This study analysed the baseline characteristics of 4,477 middle-aged and elderly patients and revealed significant associations between various factors and depression. Our data clearly indicate that factors such as gender, marital status, place of residence, disability and retirement status, health behaviours, and self-rated health status may all have a significant impact on the onset of depression. In this study, the proportion of female patients in the depression group was higher than that of male patients, a finding consistent with numerous studies in the literature, further confirming that women are more vulnerable to the incidence of depression.The observed gender disparity aligns with existing literature showing higher depression prevalence in females, potentially linked to physiological (e.g., hormonal fluctuations) and socio-cultural factors, particularly the effects of the menstrual cycle, pregnancy, and menopause on mood [28, 29]. At the same time, socio-cultural factors play a significant role in this dynamic.In contrast, men are typically expected to exhibit strength and emotional restraint [30, 31]. On the other hand, the incidence of depression among married patients is relatively low (14% vs. 10%), a finding that highlights the protective role of good social support for mental health [32–34].

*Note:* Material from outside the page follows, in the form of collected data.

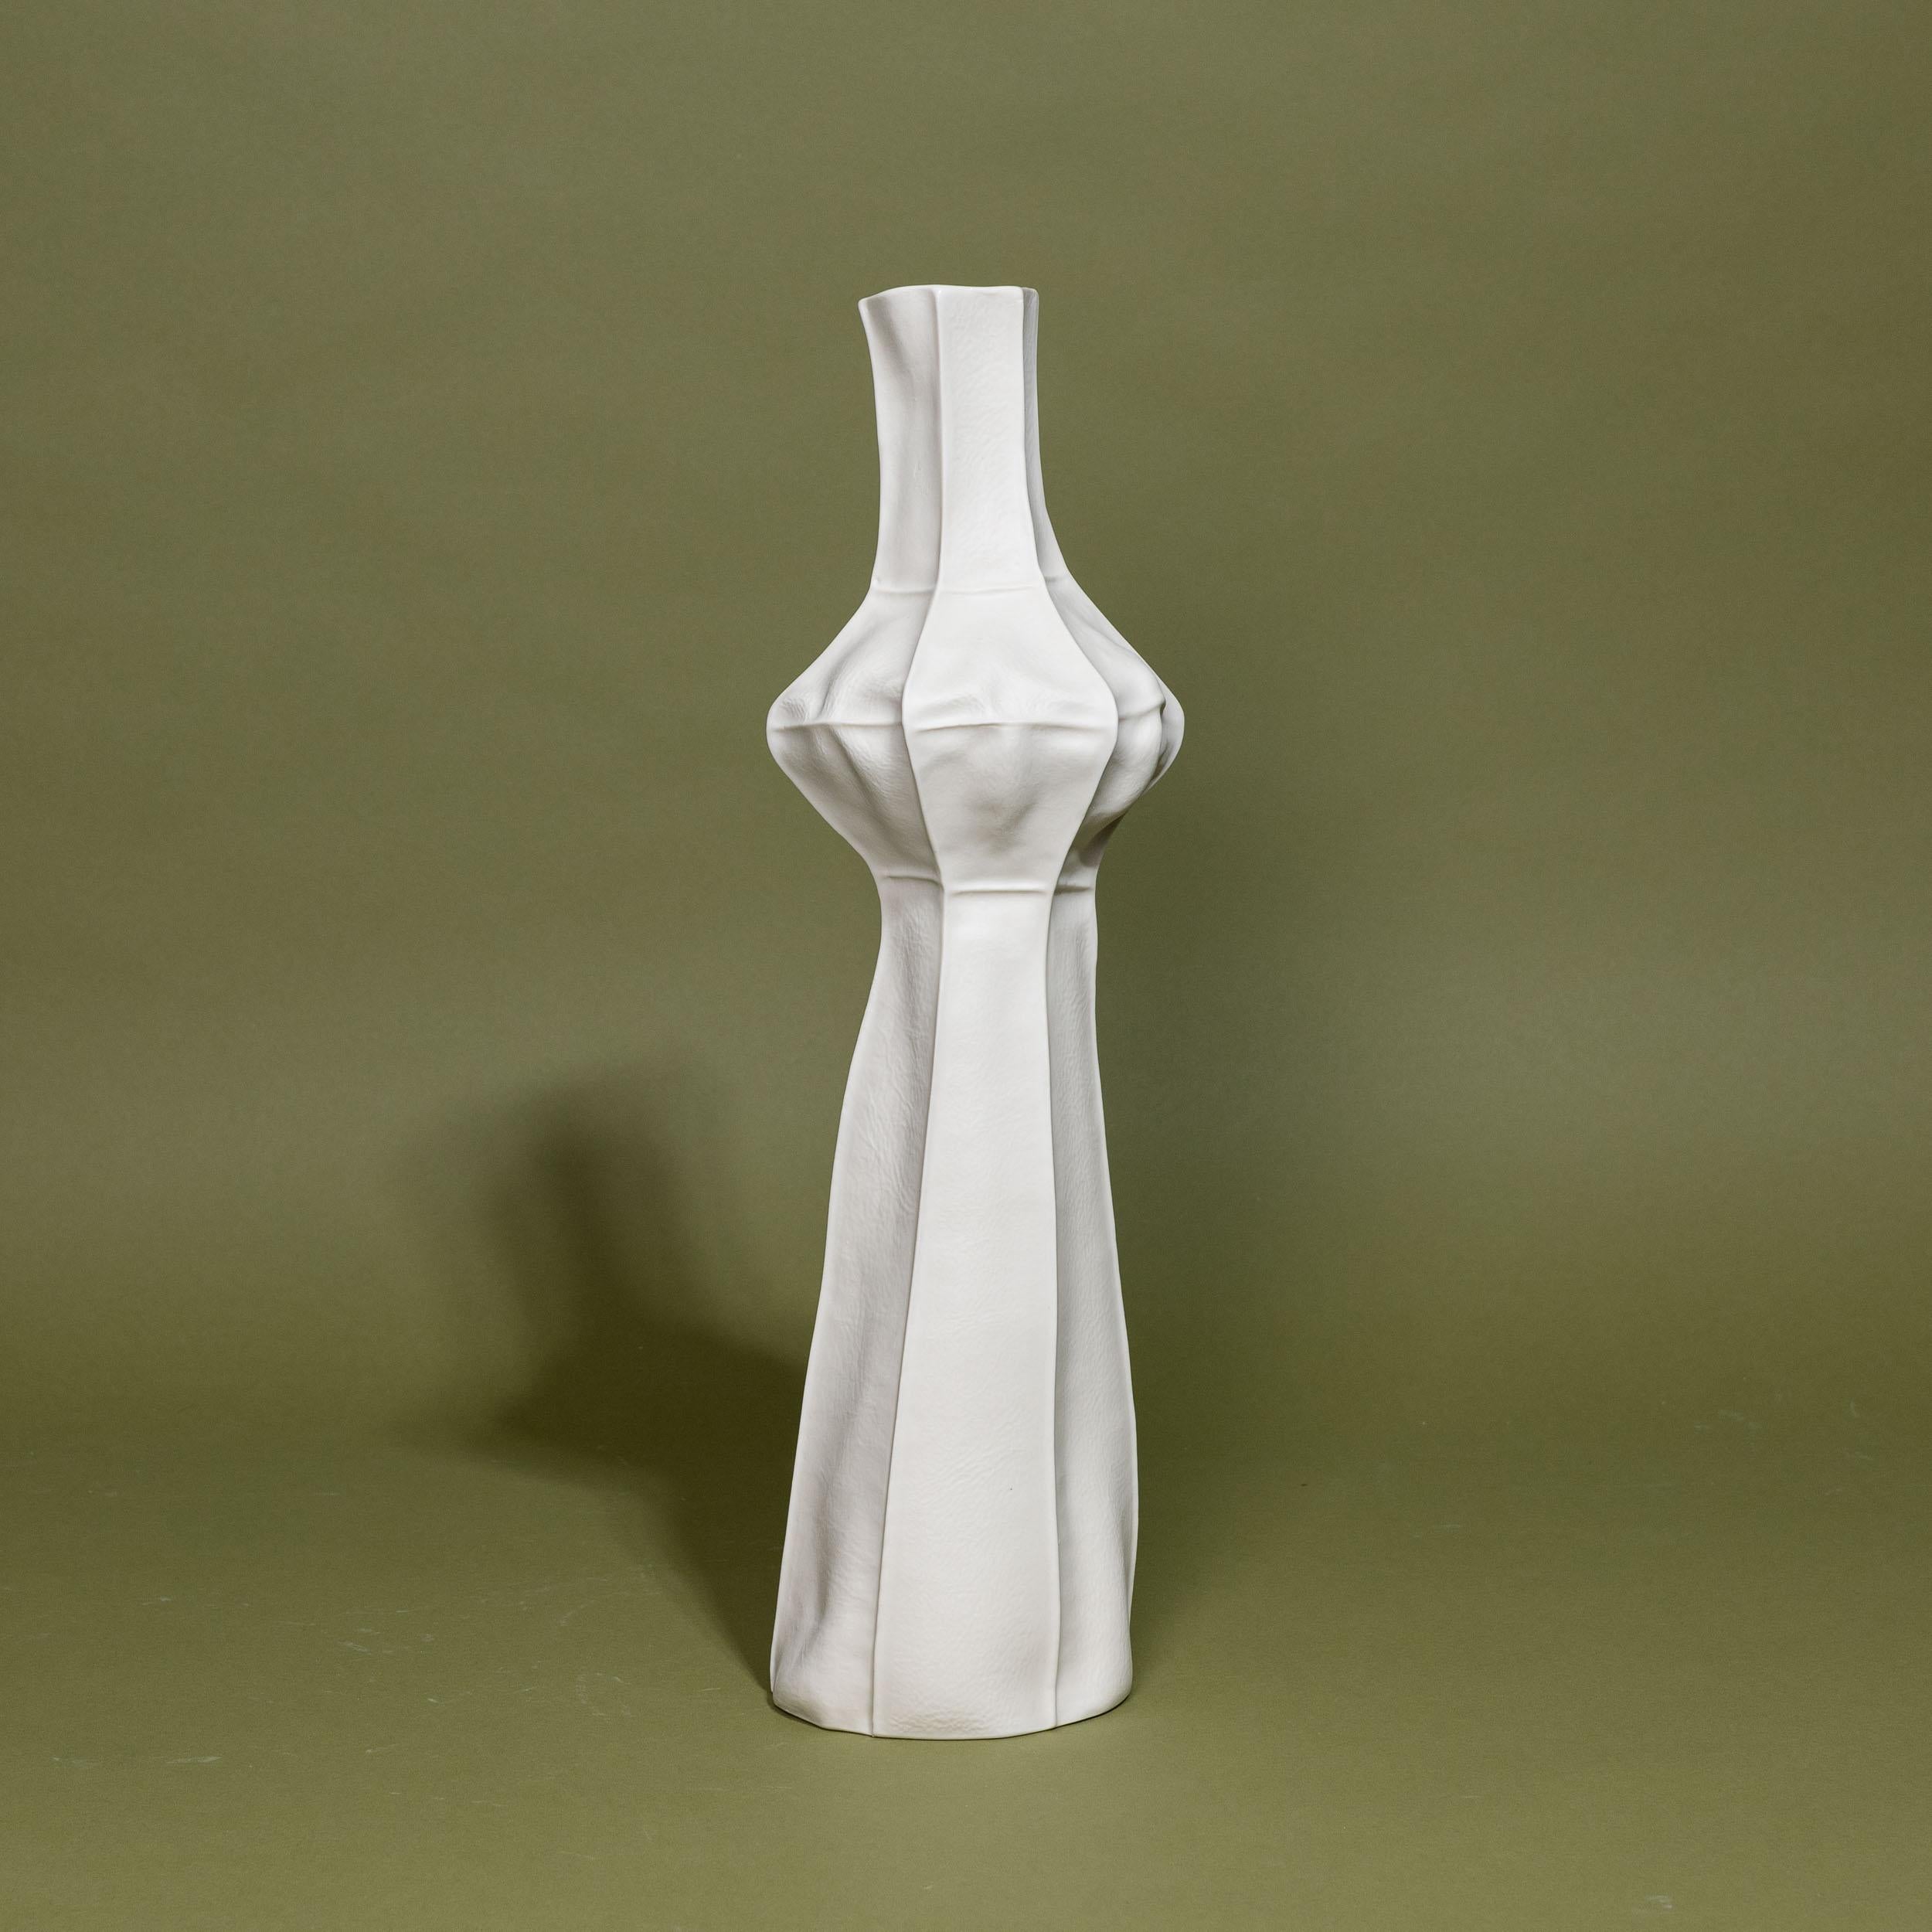 Contemporary Pair of Sculptural White Ceramic Kawa Vases, by Luft Tanaka, organic, porcelain For Sale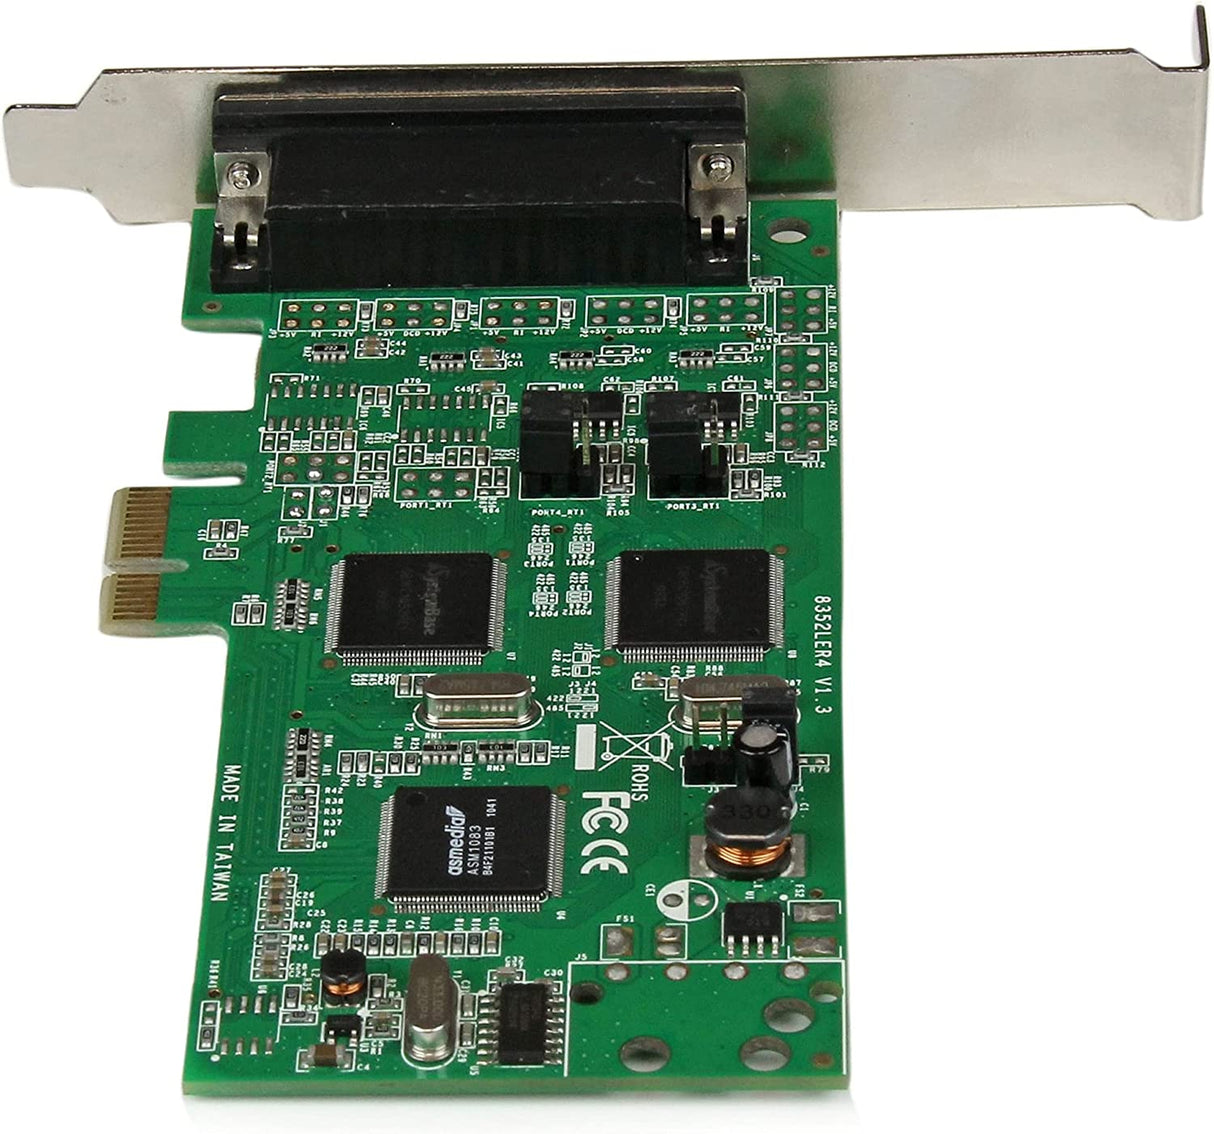 StarTech.com 4 Port PCI Express PCIe Serial Combo Card with Breakout Cable - 2 x RS232 2 x RS422 / RS485 - Dual Profile (PEX4S232485)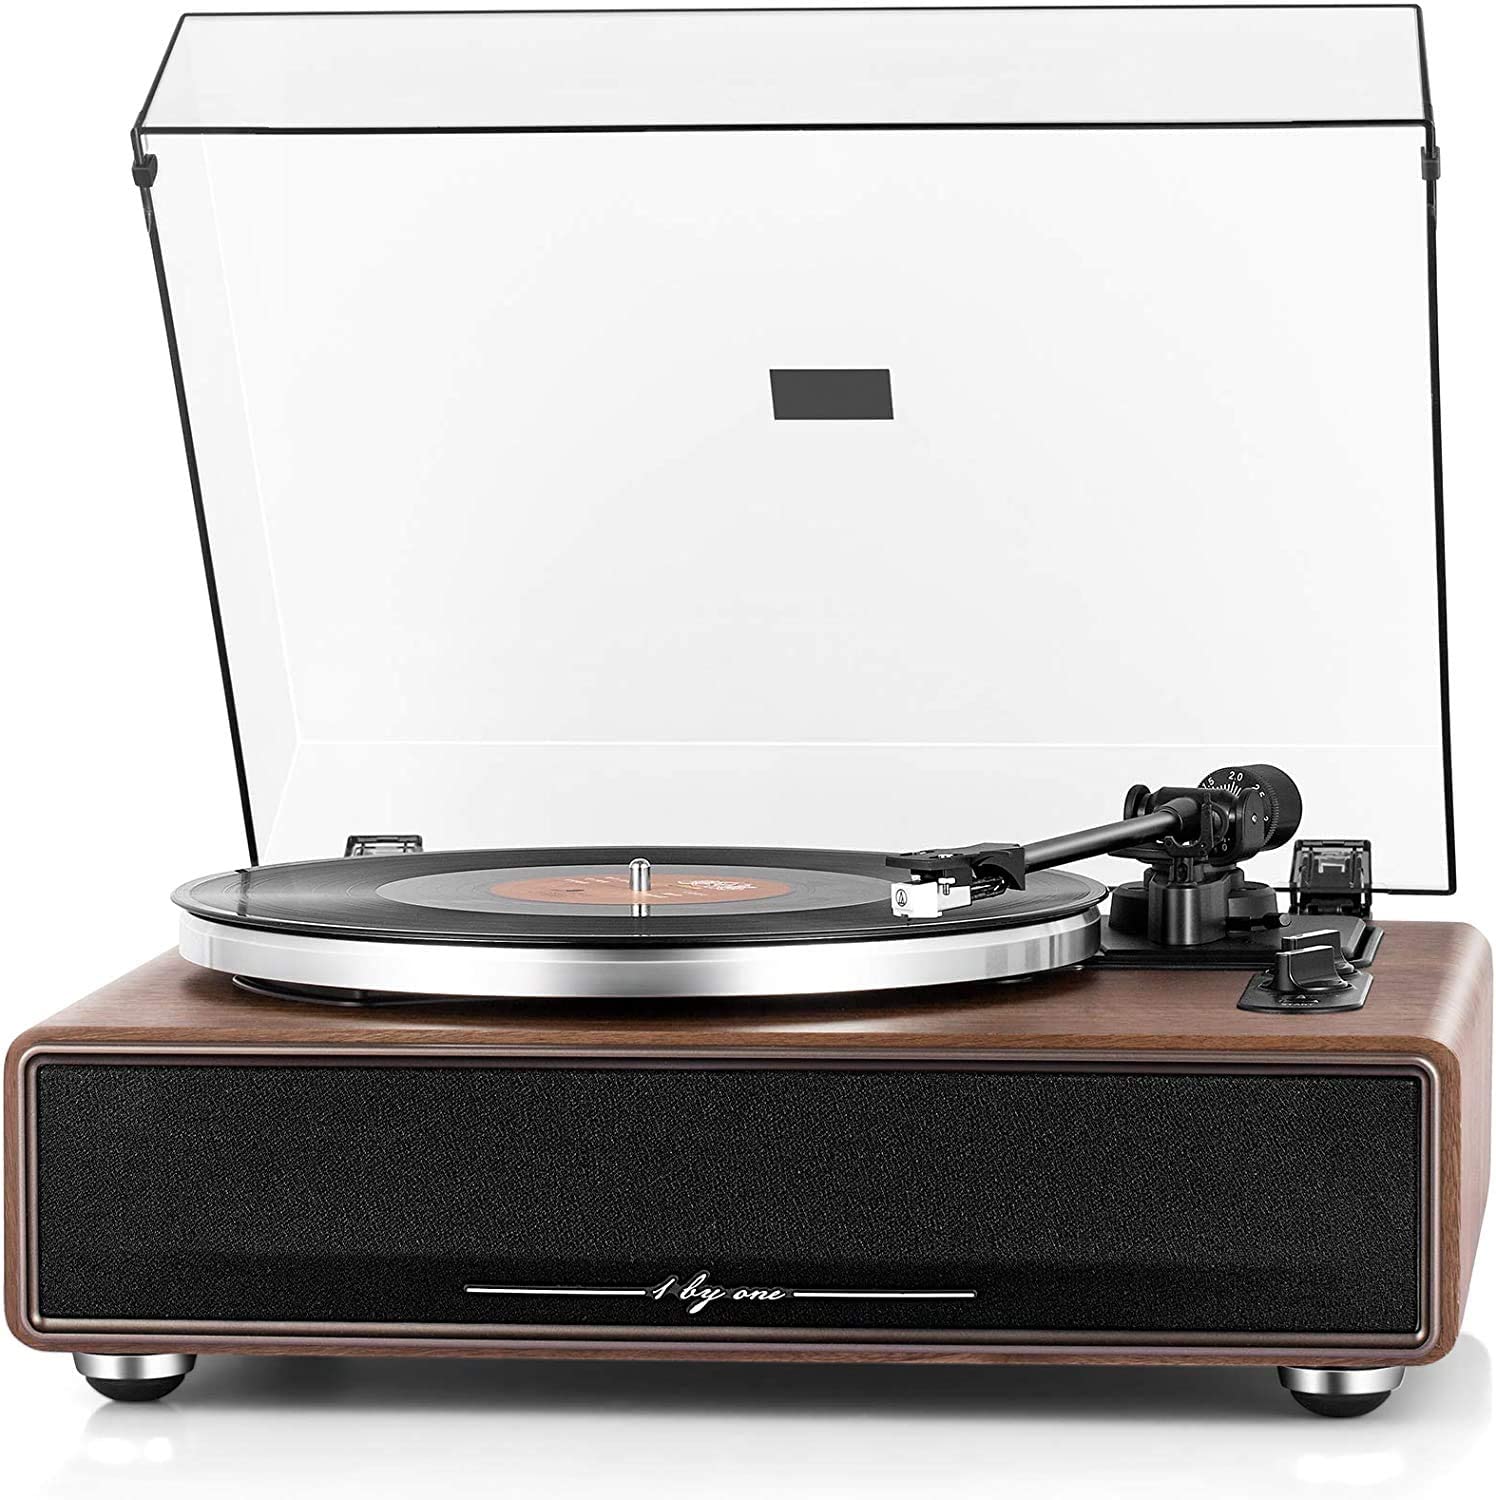 1 By One High Fidelity Record Player Review

There is a significant difference in the incidence of depression between urban and rural residents, with the prevalence among rural residents at 64%, compared to just 36% for urban residents. This disparity may be closely linked to several factors. First, the lack of medical resources in rural areas and the absence of specialized mental health services hinder rural residents'access to timely and effective psychological interventions [35].Moreover, rural residents often have weak social support networks. Rural residency was associated with elevated depression risk, possibly reflecting disparities in healthcare access and socioeconomic stressors [36].

At the same time, the lifestyle and economic conditions of rural residents are also important factors affecting mental health. Low economic levels may subject rural residents to greater life pressures, such as poverty and increased medical burdens, which can weaken their ability to resist depression [37, 38].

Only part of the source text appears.